### [Exercise]
No pictures belong in the copy. Retype exactly, and only, the stretch of lines below from the one with "Los atletas compiten" through the one with "Letrero de la".

### [Given data]

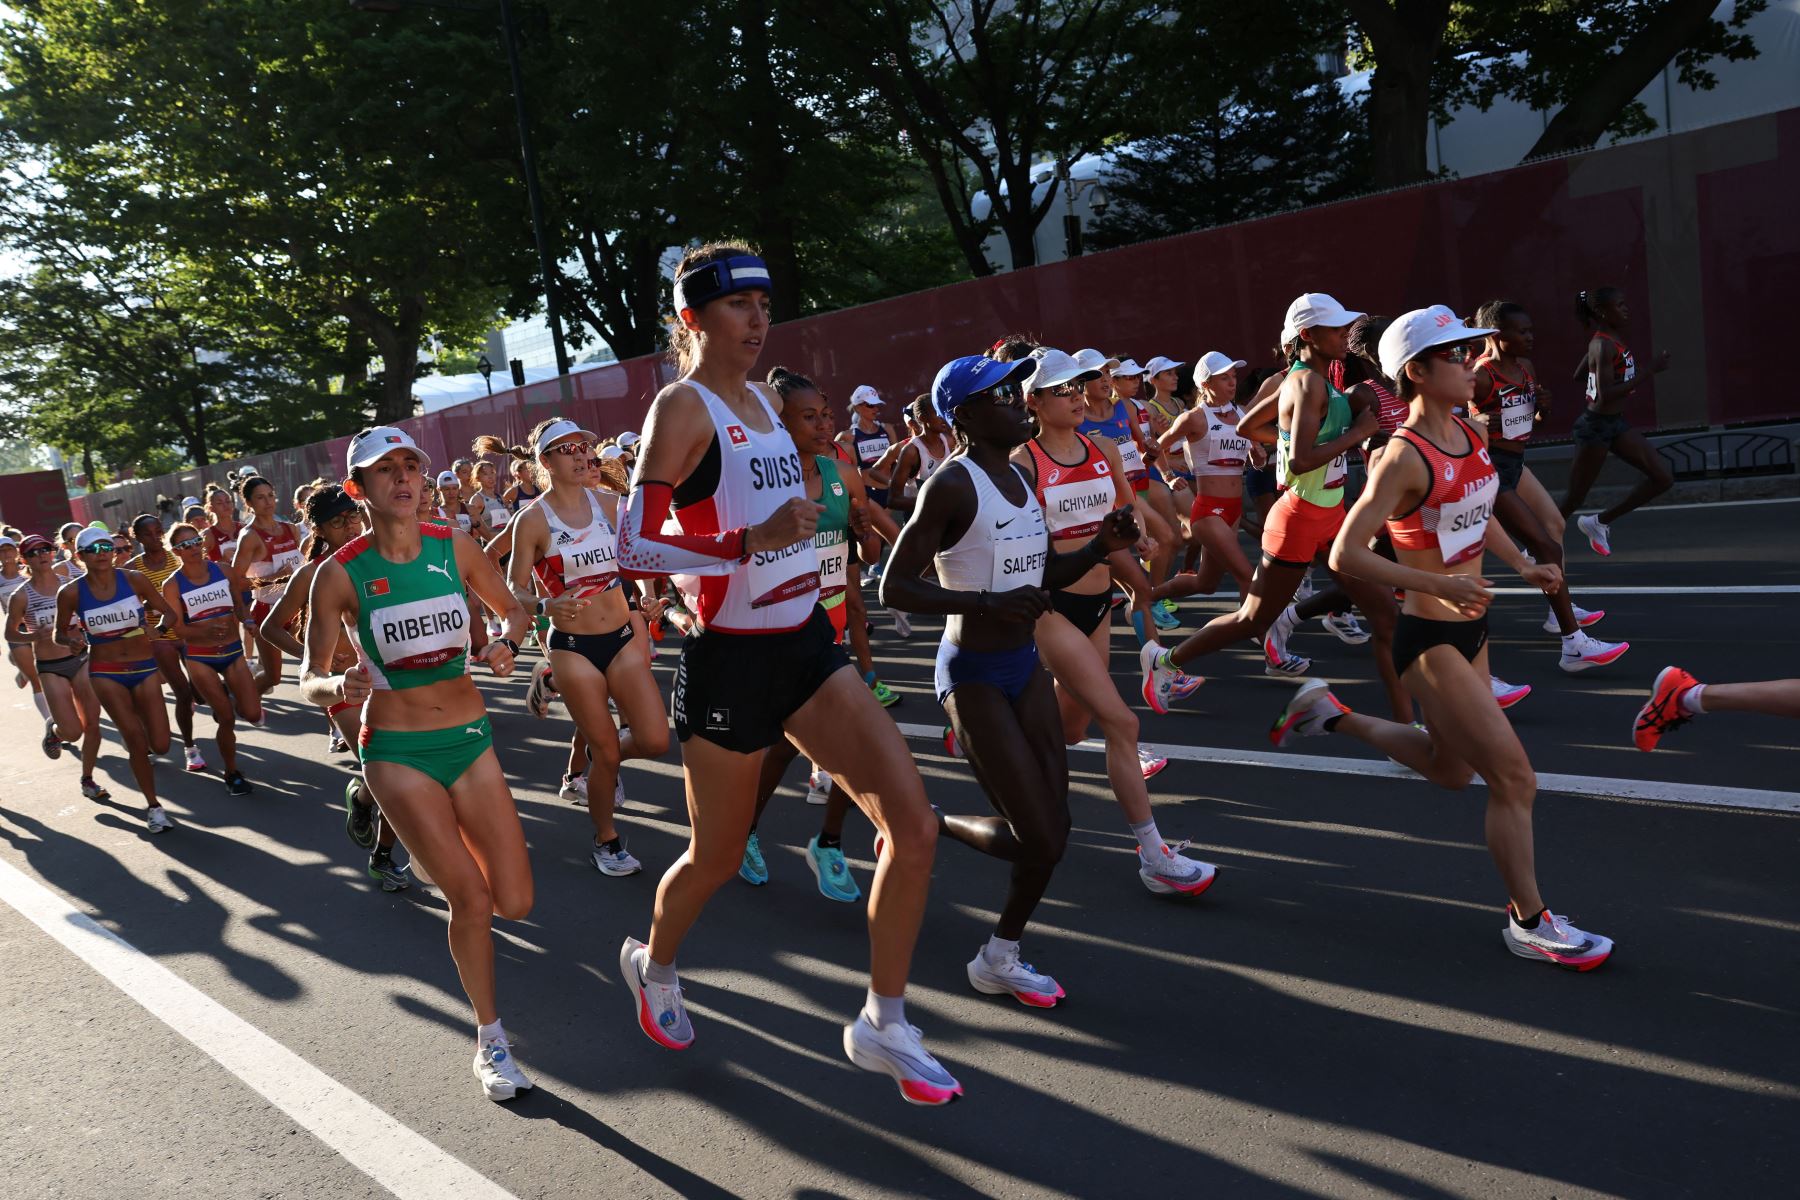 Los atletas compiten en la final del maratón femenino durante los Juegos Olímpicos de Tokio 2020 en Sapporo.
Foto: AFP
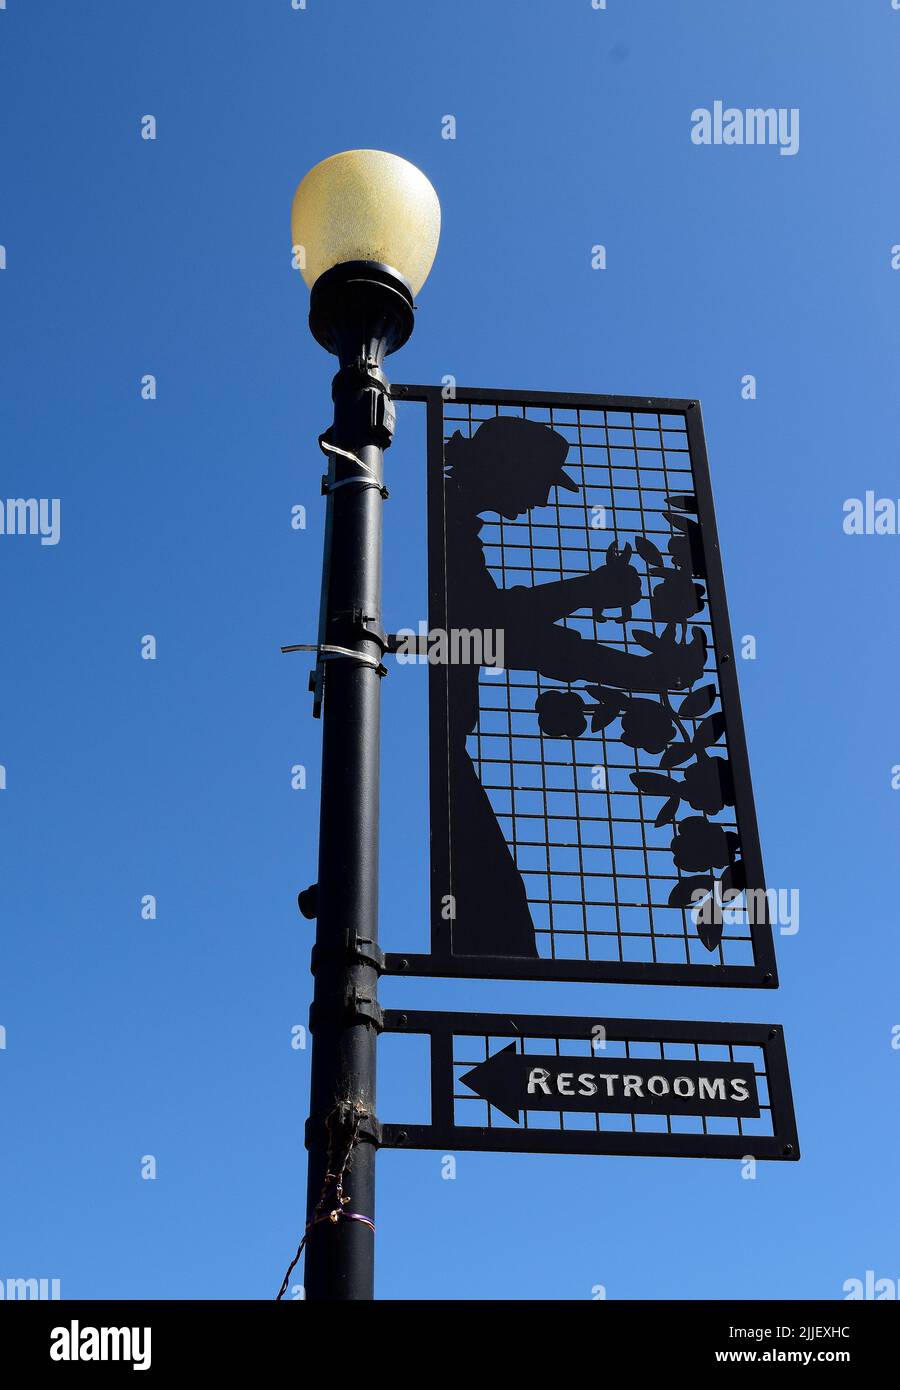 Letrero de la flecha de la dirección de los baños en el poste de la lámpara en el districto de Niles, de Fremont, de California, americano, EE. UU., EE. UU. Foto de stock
---
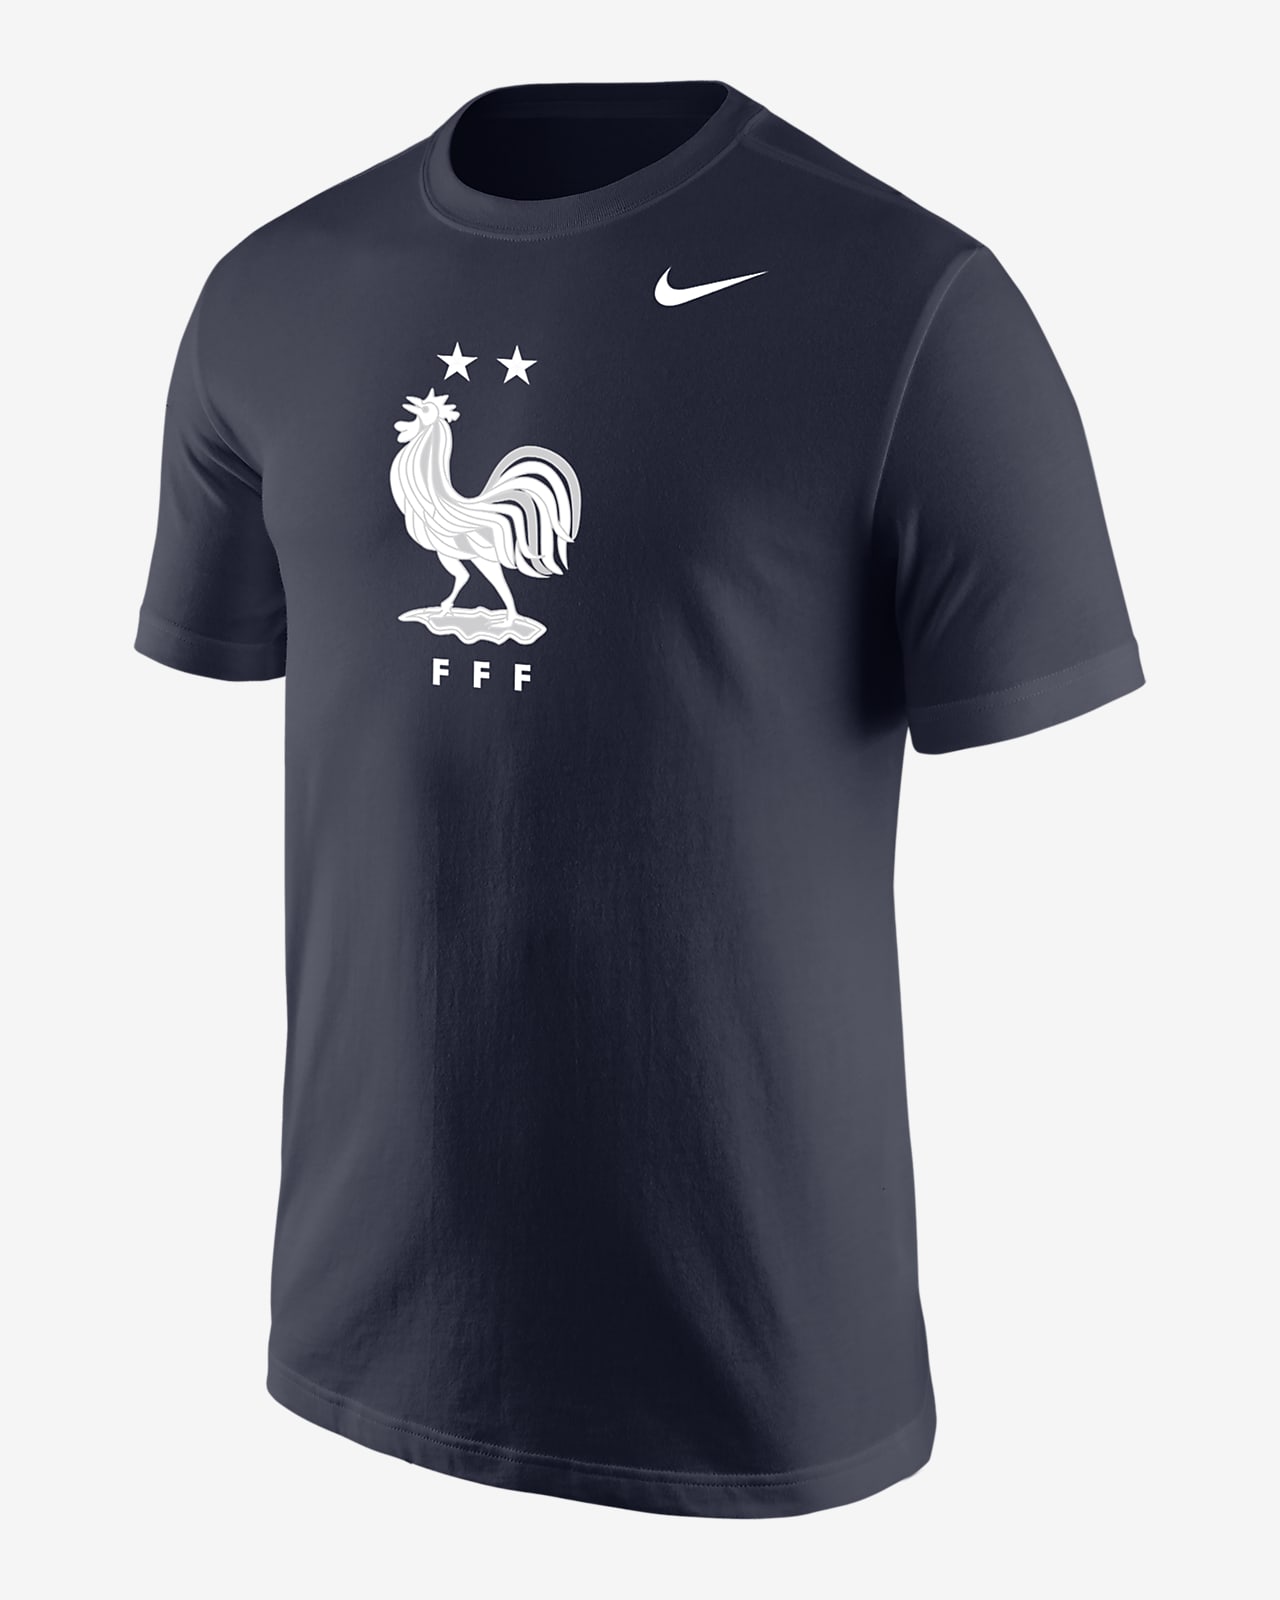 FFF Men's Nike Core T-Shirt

### [Task solution]
 Los atletas compiten en la final del maratón femenino durante los Juegos Olímpicos de Tokio 2020 en Sapporo.
Foto: AFP
 Letrero de la flecha de la dirección de los baños en el poste de la lámpara en el districto de Niles, de Fremont, de California, americano, EE. UU., EE. UU. Foto de stock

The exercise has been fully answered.